Tuesday, January 17, 2006

OK....

In no way am I saying that all hurt natual mothers that have responded to me are bitter bitter woman. I apreciate the responces from those mothers that share that. I understand and hate what the system has done to so many people... including me as a child from a very closed adoption, my natural mother that was forced into placing me. I understand and support those feelings. What I am referring to is the women who hate me and hate what I'm saying. I'm not the enemy!!
I want to make positive change.
Do these woman really think there can just be NO adoption? And if they do when do they think thats going to happen? Until then should we not try and make it as good as possible for these children? I mean really should we not try and do the best we can for the children that are being placed. I know there are people who are forced into adoption...this is not good, I do not support that. But for those women who have made me the enemy its as if they don't believe that anyone could actually choose adoption on their own. Some people are not in a place to raise a child and do want better! Yes there are people like that out there. It is for those people I speak. I don't want to take children from peole who don't want to place their children. I don't want to make single parents feel bad, I'm a single parent. I am just trying to make the situation as good as I can see it when the option is choosen.
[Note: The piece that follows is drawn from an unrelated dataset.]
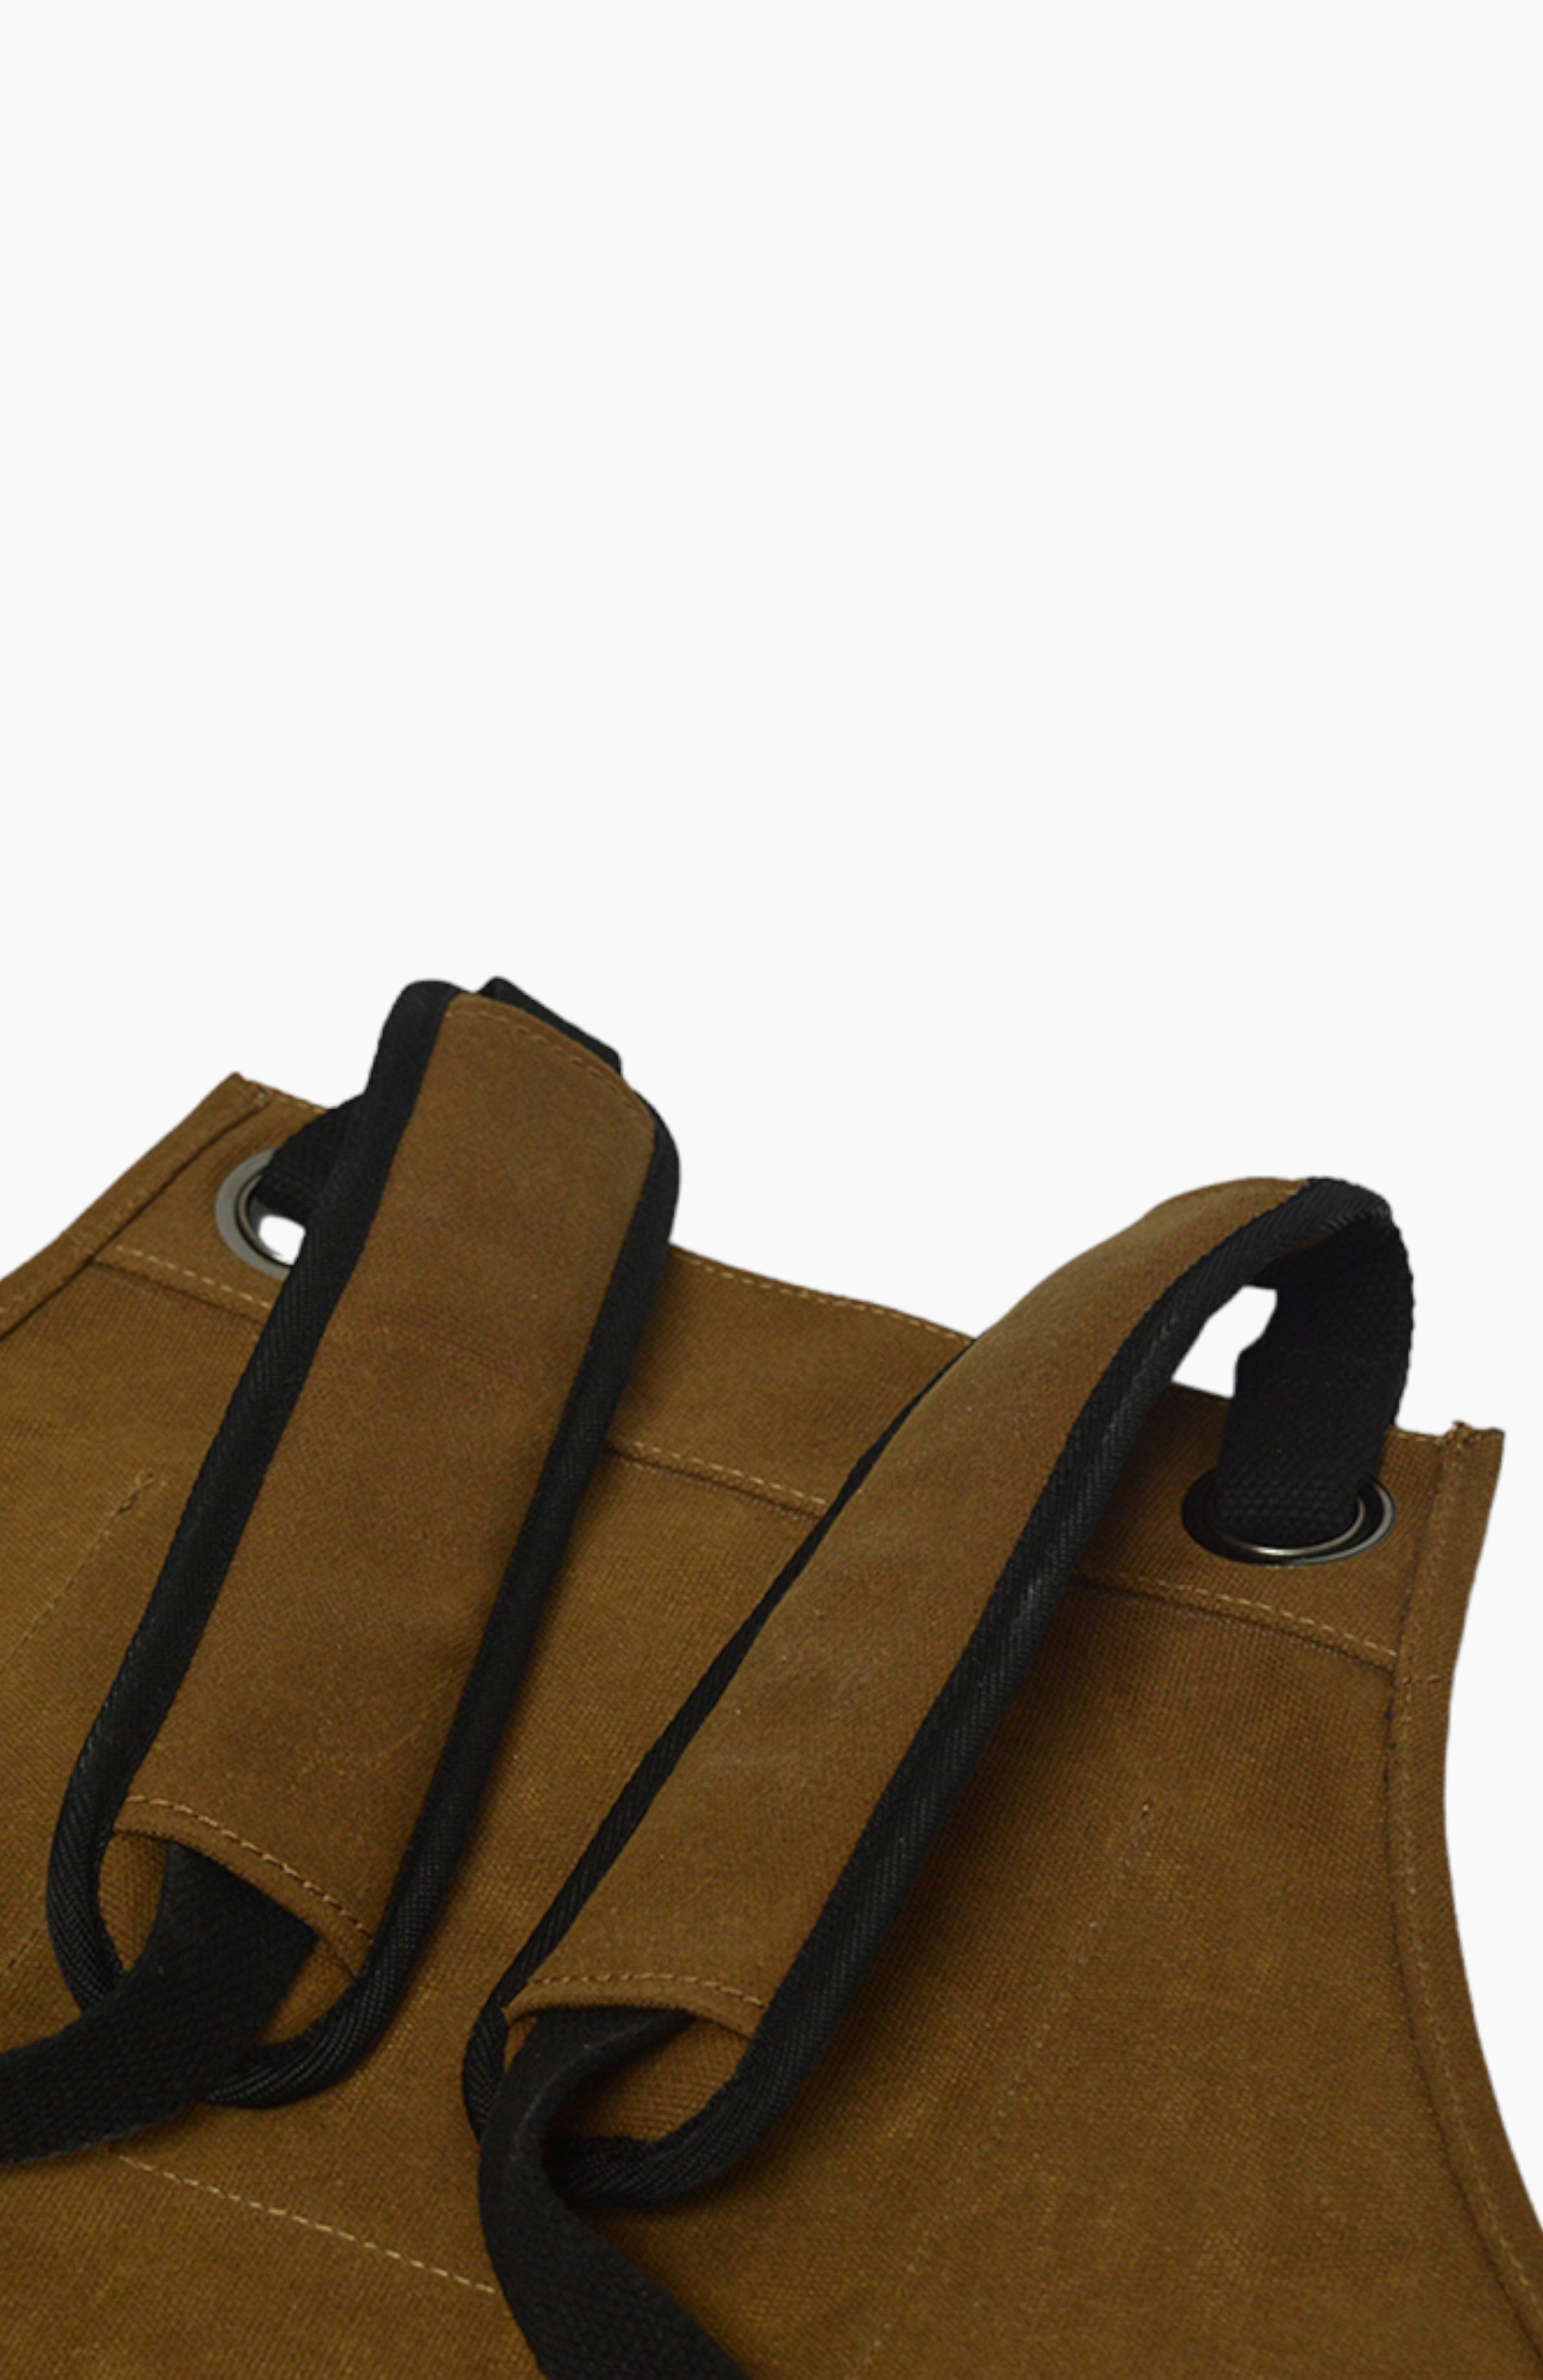 Close up of the padded back straps on a brown leather apron.

Yes I agree adoption can be confusing for a child but when the family is both adoptive and natural the childs whole life it is just part of life. Divorce is confusing for children, when you have open loving relationships children will grow to understand. It's confusing when a child is left in the dark then finds out something new, when they know this their whole life it is the life they know and they aren't that confused off of it.

I never said Love= Adoption I said that Love is the answer of making it a better system than it is today. Eliminating Selfish, Greedy, Jealous feeling and doing nothing but LOVE this is what makes it work.

Where did I say Love=Adoption???

I don't get this do people only read like 2 words per page? I'm adopted I know how hard and damaging it is to be a child from a closed adoption, with adoptive parents that wouldn't talk about it, with adoptive parents that are completly oposite from me in EVERY way. The whole purpose of this is not to talk people into adoption but to share with people why it needs to change, I know because I lived it.

1 comment:

Unknown said...

Thanks for seeing through everything. You have a point and I've thought about it for a little bit and I'm thinking that those people who are jumping all over me are not going to have any part of adoption no matter what I say. The people I need to touch are the future members of this adoption triad. We need to make their experience better. I can't change what people have done in the past to these people. I hate it, it makes me very sad (my natural mother is one of these people) But I can hope to touch people who are going to adopt in the future so that they see how important it is that the natural mother has a part in the childs life ALWAYS. In one way or another. I feel very positive about what I'm doing and I can't change the world. There are lots of parts of the adoption past and present I want to change, but my focus can only be one thing at a time and for right now I want natural families and adoptive families to learn to love one another to make it the best for that child. I can't make everyone happy!